2.2. Histopathologic Evaluation

All diagnoses were reviewed in light of the WHO 2021 classification [12]. Anti-CK7 and CK20 immunohistochemistry never exhausted the sample for further techniques such as immunohistochemistry or molecular biology. Automated immunohistochemistry was performed on 4 μm sections using the Omnis platform (Dako-Agilent, Courtaboeuf, France) according to the manufacturer’s instructions. Immunohistochemistry was performed on OMNIS (Dako-Agilent) using anti-TTF-1 antibodies (8G7G3/1, 1/50, Dako-Agilent). TTF-1 expression was considered positive if more than 5% of the tumor cells were nuclear stained. In the case of negativity, anti-CK7 (OV-TL 2/30, 1/600, Dako-Agilent) and CK20 (Ks20.8, 1/100, Dako-Agilent) were used. Mucin stain was used to confirm the adenocarcinoma in the case of negative TTF-1 and Napsin A (IP64, Leica) immunohistochemistry was perfomed in negative TTF-1.

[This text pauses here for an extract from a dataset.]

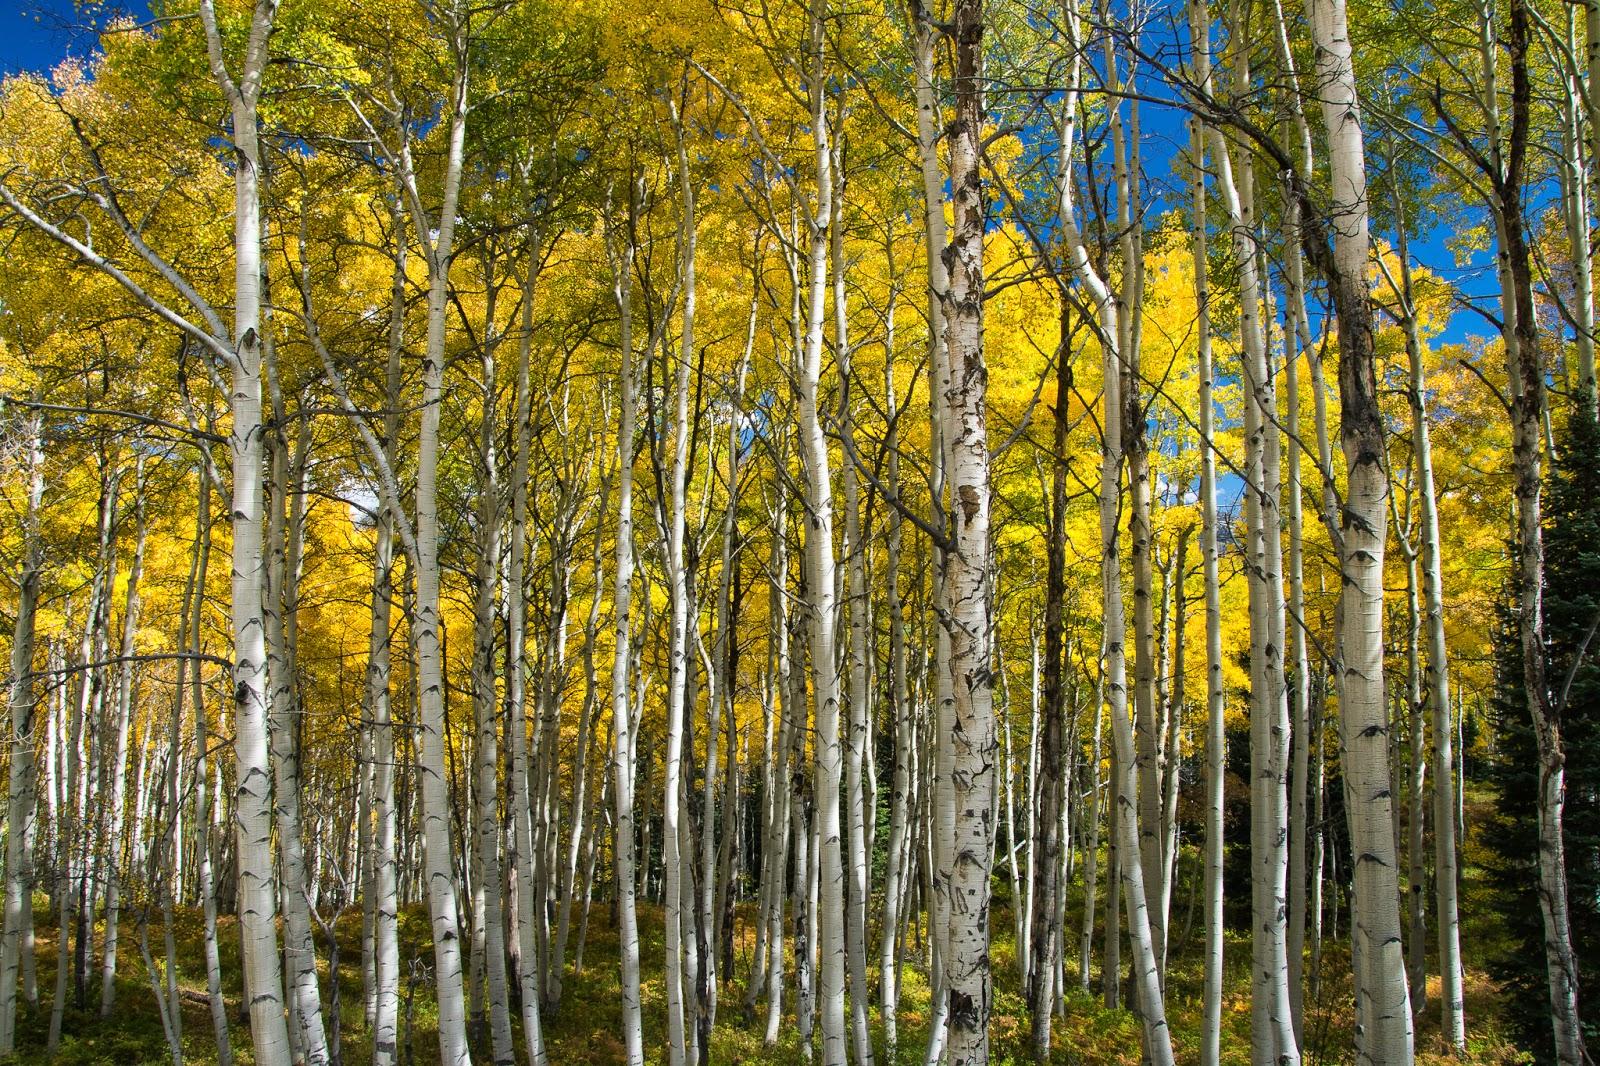 Aspen Grove on Kebler Pass
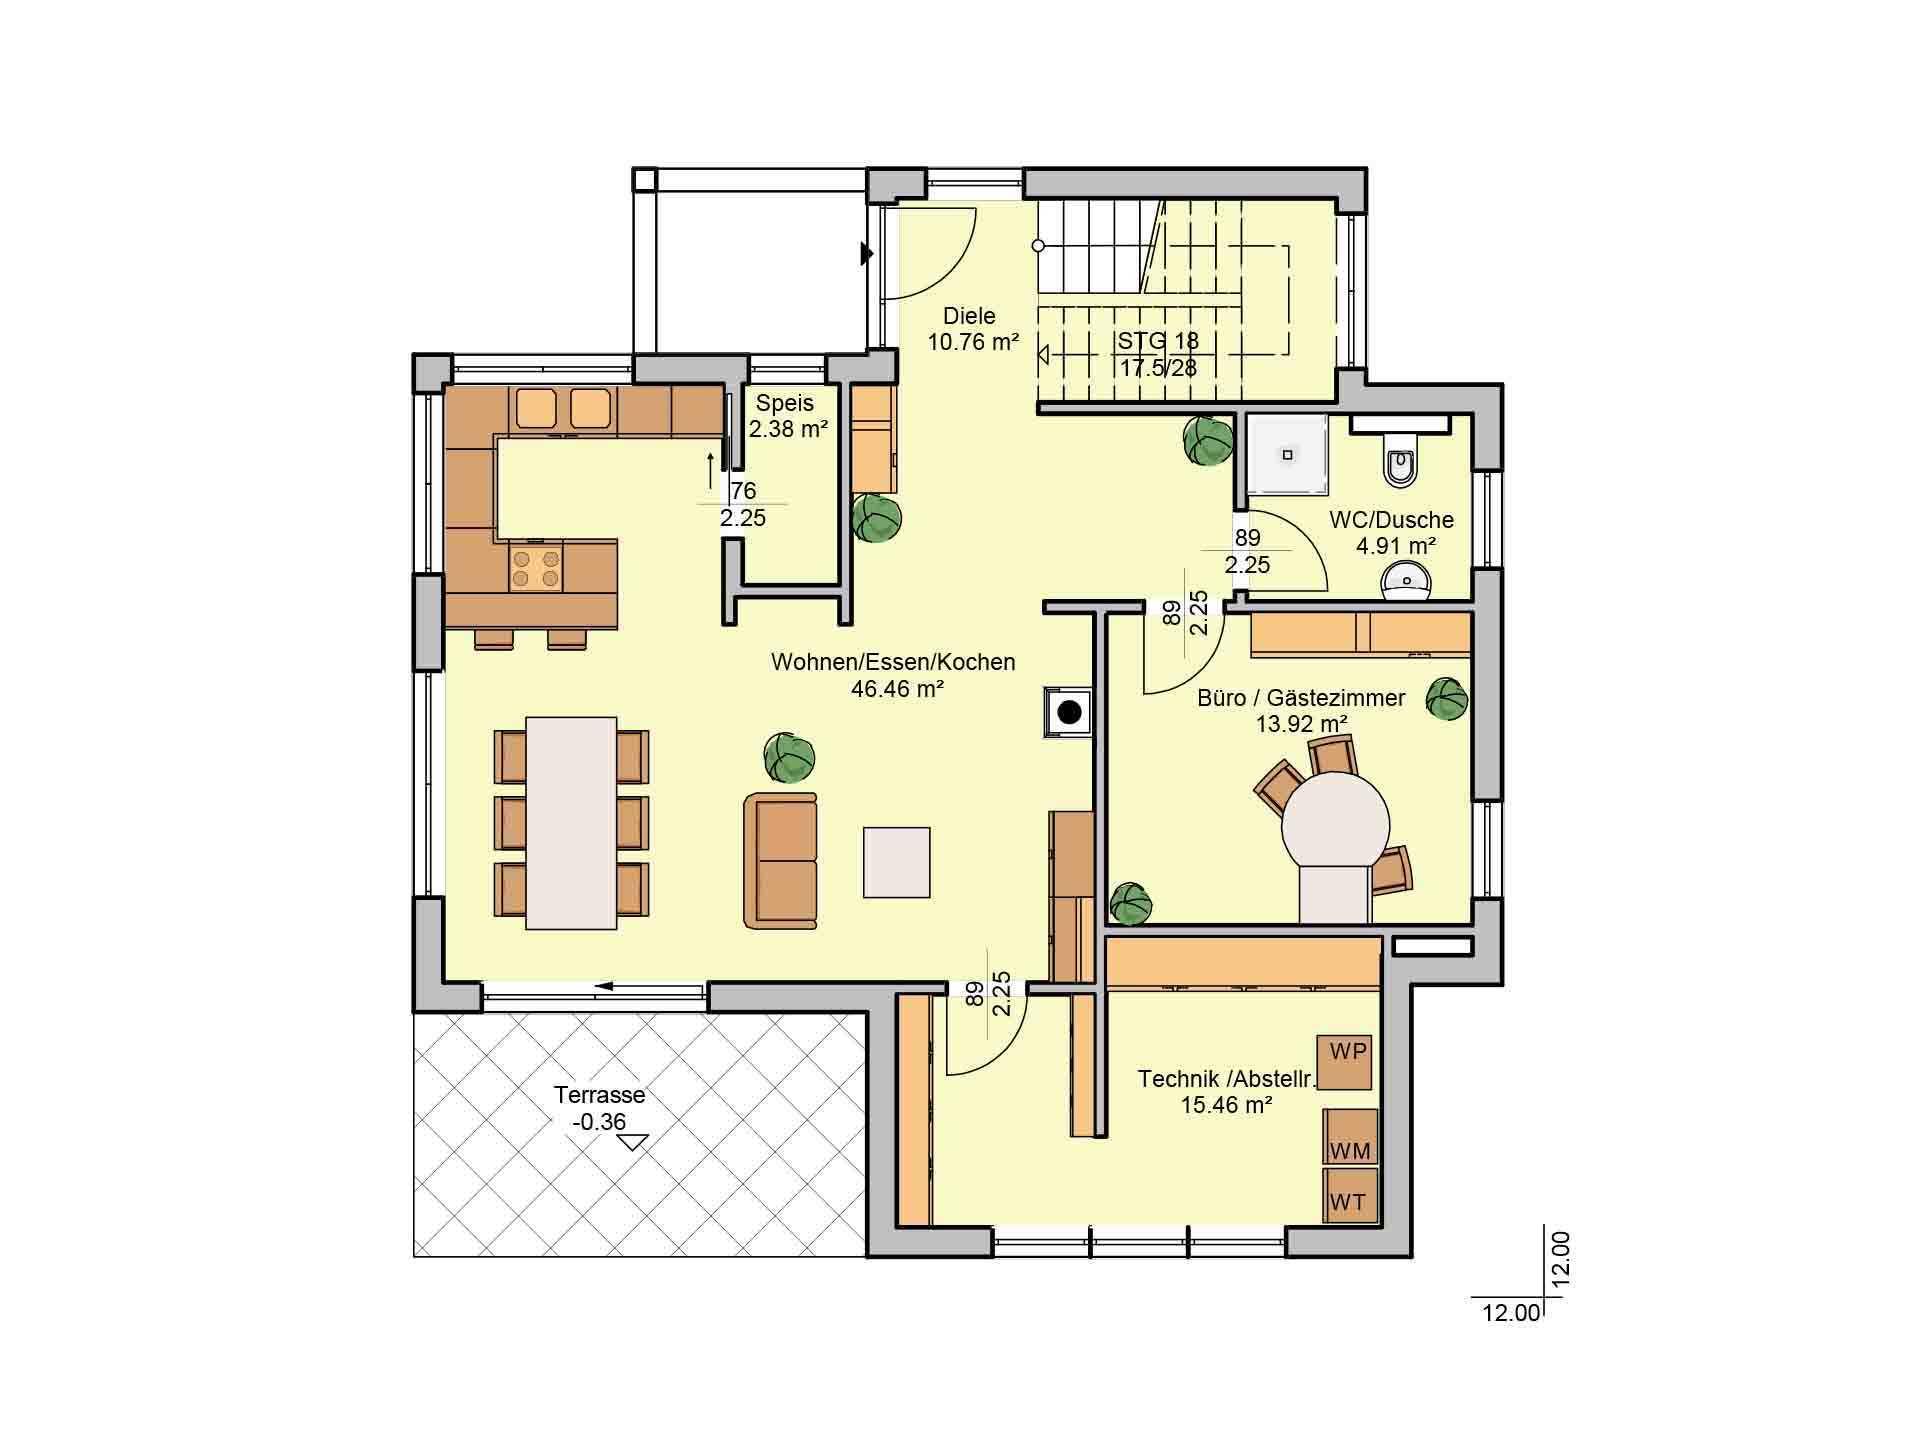 Elegant 168 (Musterhaus Fellbach) - Eine Nahaufnahme einer Uhr - Gebäudeplan

ALK (D5F3, 1/100, Cell Signaling Technology, Danvers, MA, USA) and ROS1 (D4D6, 1/40 Cell Signaling Technology) antibodies were used for the screening of ALK and ROS1 rearrangements. When positive or doubtful, another technique was used to confirm ALK or ROS1 rearrangement.

2.3. Molecular Analysis

Molecular testing was performed as previously described [4,13]. EGFR (epidermal growth factor receptor) mutations were screened using a peptic nucleic acid (PNA) clamp detection kit (Entrogen detection kit, Entrogen Inc., Woddland Hill, CA, USA) or via next-generation sequencing (NGS) on the Personal Genome Machine (Thermofisher, Dardilly, France). KRAS (V-Ki-ras2 Kirsten Rat Sarcoma viral oncogene Homolog) mutations were screened via PNA clamp, Snapshot, or NGS. Exon 15 mutations of BRAF (v-Raf murine sarcoma viral oncogene homolog B) were analyzed using Snapshot or NGS. ERBB2 (HER2) mutations of exon 20 were screened for via direct sequencing or NGS. When the tumour cell proportion was below the detection limit of techniques, the results were not considered [14].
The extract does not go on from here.